So we listened to the entirety of Cormac McCarthy’s No Country for Old Men over the course of two drives: from Jacksonville to St. Pete Beach and back. First off, as far as books-on-CD goes, this one was pretty good. Native Texan Tom Stechshulte manages to get all of the male characters spot on (the women in the novel sound kind of ridiculous though), and the action-filled plot, tight pacing, and simple sentences make for an easy-to-follow-while-driving listening experience (this is my number one criterion for an audiobook–you have to be able to follow the plot while navigating a road littered with truckers and asshole teenagers. F’r’instance, Faulkner’s short stories are almost impossible to follow in audiobook format).

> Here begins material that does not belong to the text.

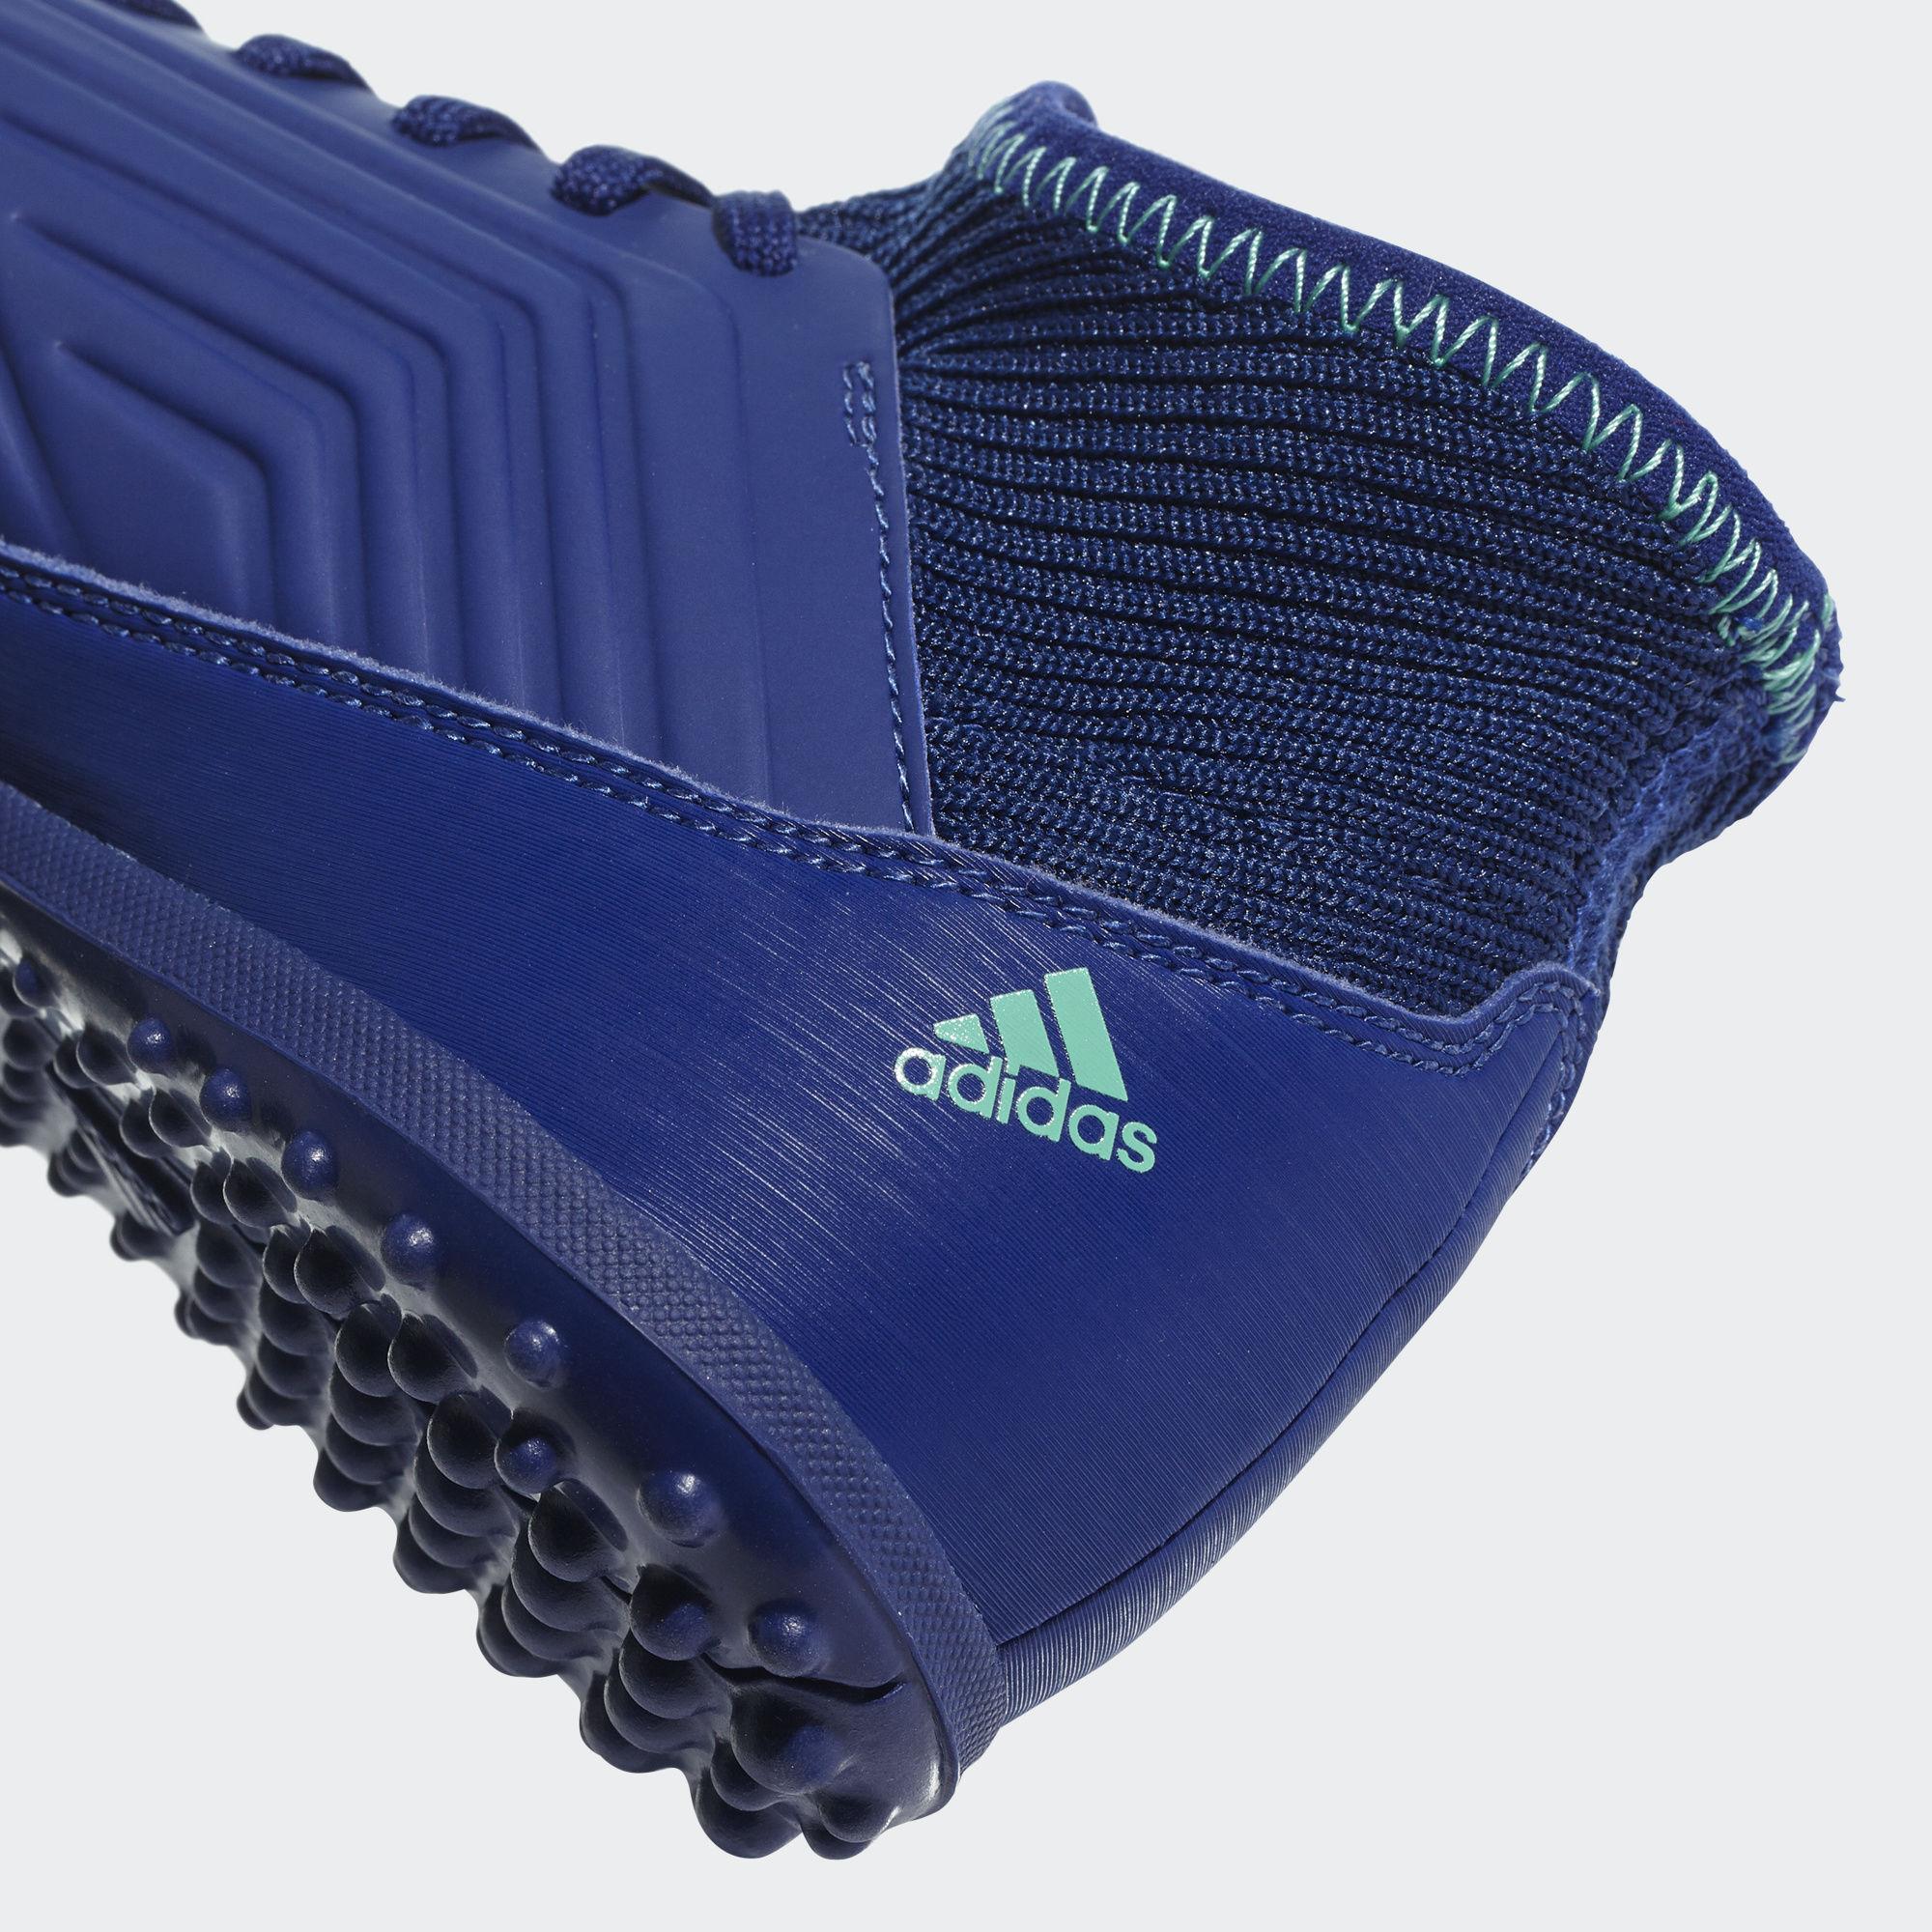 Футбольные бутсы Predator Tango 18.3 TF K CP9042 adidas Performance ... 5a2f4ebf02

Set in 1980, No Country for Old Men is the story of Llewellyn Moss, a Vietnam vet who stumbles across the aftermath of a drug deal gone bad and a suitcase with 2.4 million dollars in it. Of course, he takes the money and runs. Assassin Chigurh is hot on his heels to collect the drug money, leaving a bloody wake of murder and chaos. Sheriff Bell, a WWII vet who first-person narrates the beginning of each section of the book, is also on the case, trying to track down Llewellyn before he gets himself killed.

The first five discs (of seven) of the book were excellent–an exercise in genre fiction–the crime-suspense novel–that transcends the limits of the genre’s tropes. McCarthy’s spare prose moves at just the right pace, with just the right amount of “literary” interjection. However, the end of the novel morphs (evolves or devolves?) into a meditation on war and the changing nature of America and the American people. McCarthy’s symbols and metaphors seem heavy-handed and downright clunky at times, and in the end, the book becomes something of a reflection on personal failures and regrets, and how these personal failures add up to national failures.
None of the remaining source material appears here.